• Complaint Alleges Kids at Durham Youth Home Denied Education
  • Carolina Ballet Finds a New Home in Cary
  • ICYMI: Rising Wages and Durham’s Budget
  • How Did Triangle Towns Respond to Public Records Requests?
  • Help Plant 24,000 Trees in Raleigh
Credit: Illustration by Nicole Pajor Moore

Good morning, readers.

Students detained at Durham’s juvenile detention facility are supposed to get up to six hours of instruction a day. Last year, an advocacy group visited the facility and found they’ve been getting closer to 30 minutes.
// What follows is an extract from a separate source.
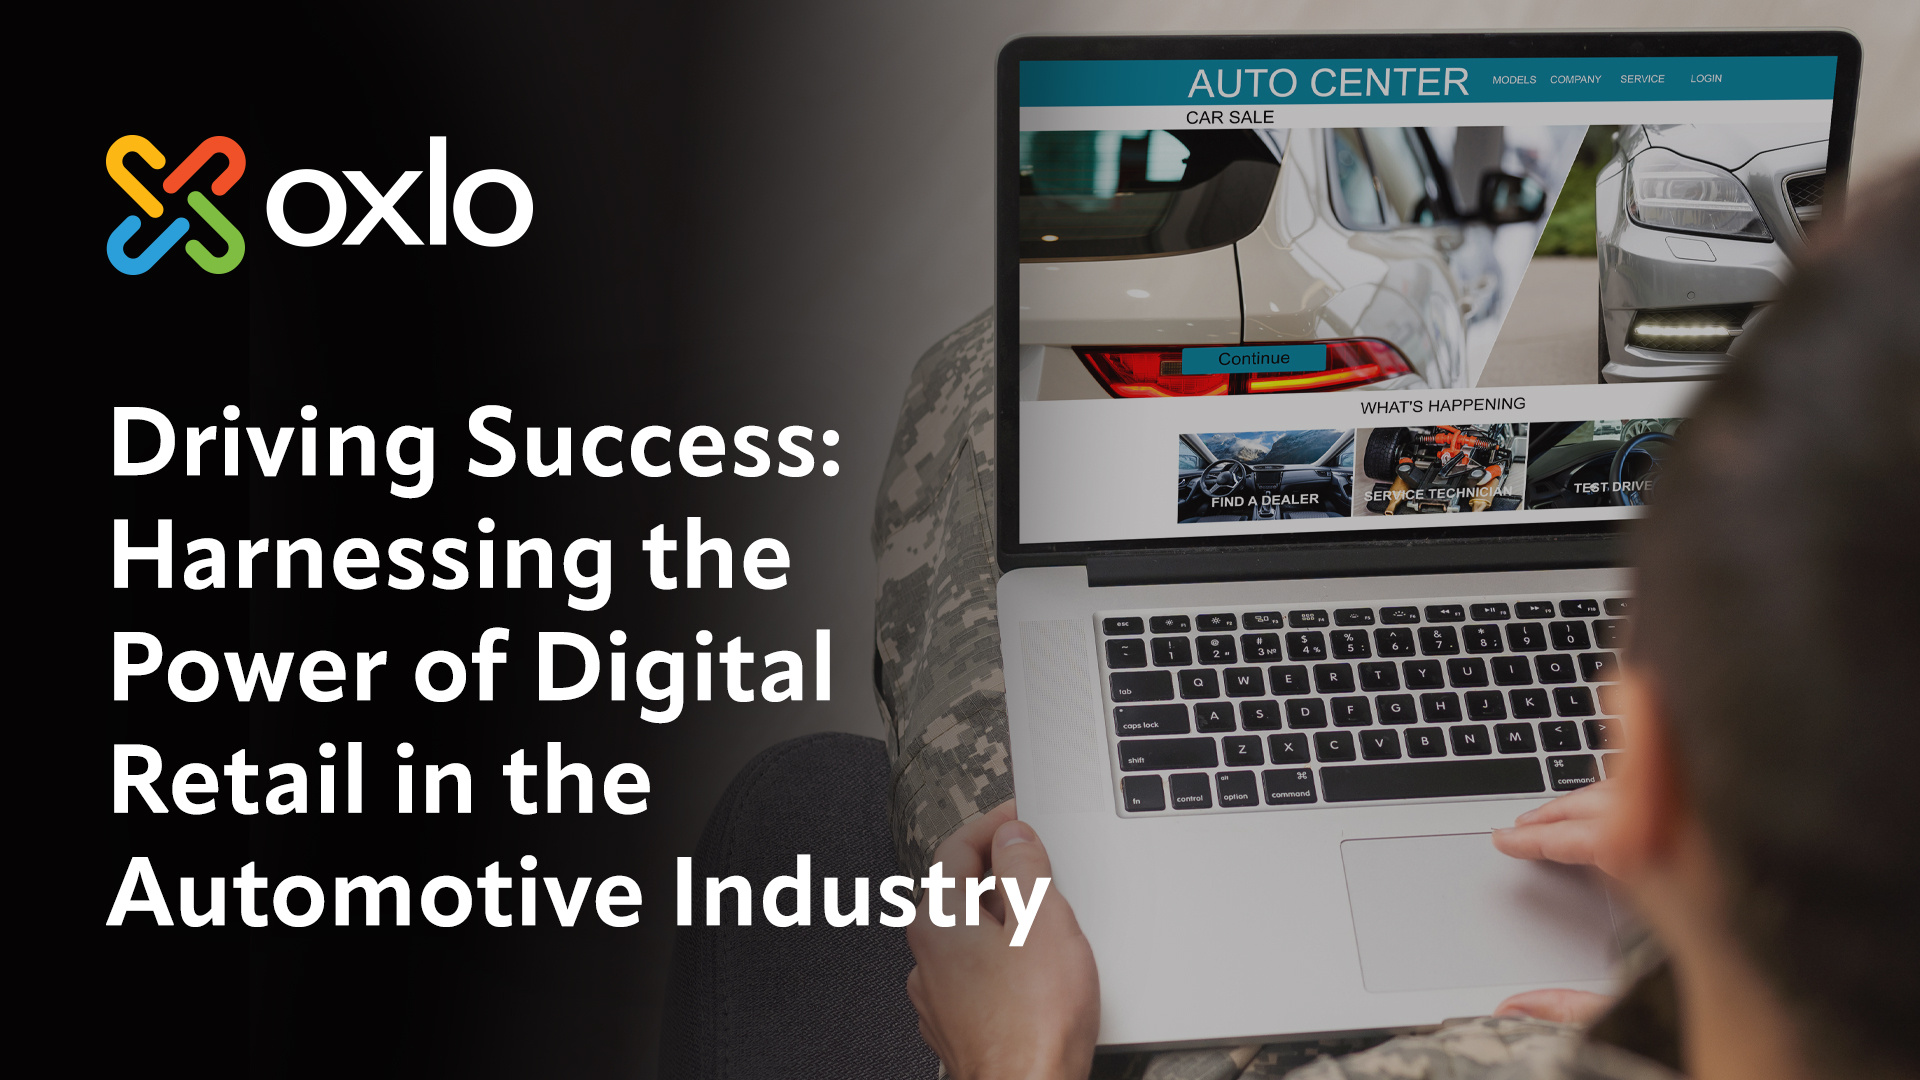 Driving Success: Harnessing the Power of Digital Retail in the Automotive Industry with Oxlo

That finding is now at the center of a state investigation. Last week, North Carolina’s Department of Public Instruction announced that it would examine whether Durham Public Schools has failed to educate disabled students at the Durham County Youth Home, a 36-bed facility on Broad Street. Disabled students are the focus of the investigation, in part because they are legally entitled under federal law to instruction tailored to their individual needs.
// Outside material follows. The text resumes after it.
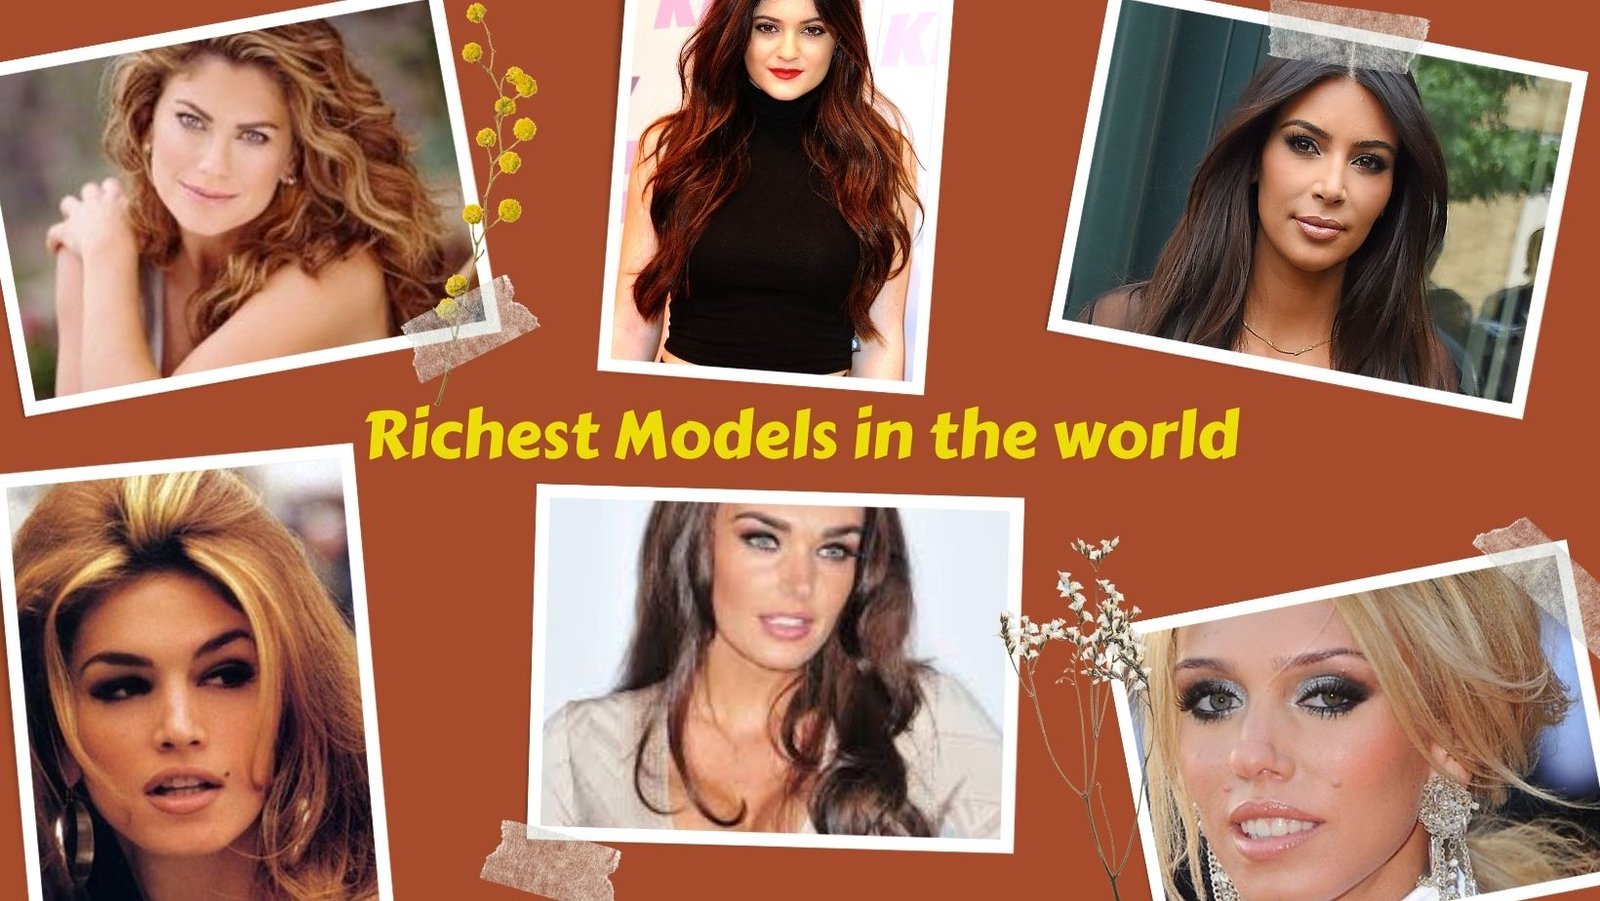 Richest Models in the world

In December, the ACLU of North Carolina and Duke’s Children’s Law Clinic filed an initial complaint with the state and were turned away at first for lack of evidence. After the groups refiled last month with a report from Disability Rights NC, the state’s federally designated disability advocacy organization, the state agreed to look into it. 

Durham Public Schools and the Youth Home are both county-run but have offered differing accounts of who’s responsible for students’ time in the classroom.
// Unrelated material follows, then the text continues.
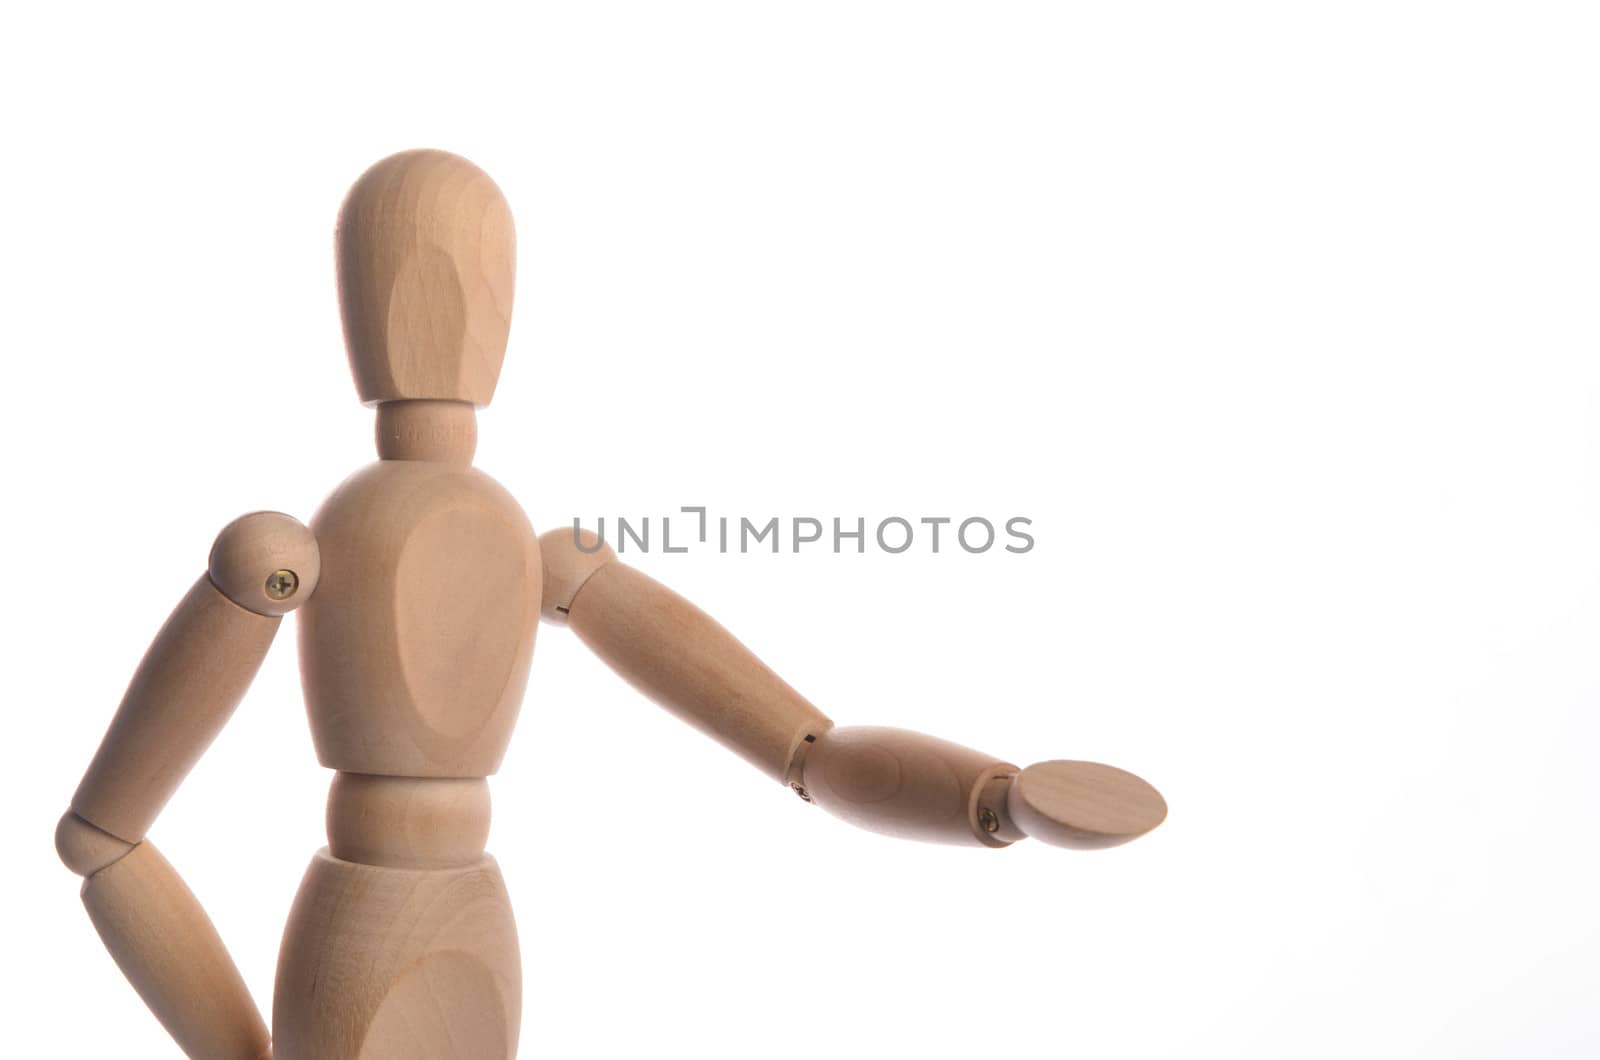 Wooden figure mannequin posing in action isolated on white background.

Read more below. Have a good Wednesday.

—Lena

The latest from INDY, plus other stories around the state you’ll want to read. Handpicked every day by INDY Editor-in-Chief Sarah Willets.

Curtain Call

Carolina Ballet is set to start a new chapter in a Cary mixed-use development that will also include shops and cafes, Jasmine Gallup writes for the INDY.


Credit: Courtesy of the City of Durham

On a Budget

The City of Durham’s minimum wage, which is tied to housing costs, is expected to jump by four times the typical increase, adding to an already tough budget season, the INDY’s Justin Laidlaw reports.


Credit: Cornell Watson for The Assembly

Record Time

For Sunshine Week, a coalition of media outlets, including The Assembly, requested emails from cities across the state. Some in the Triangle were prompt, while others were unresponsive.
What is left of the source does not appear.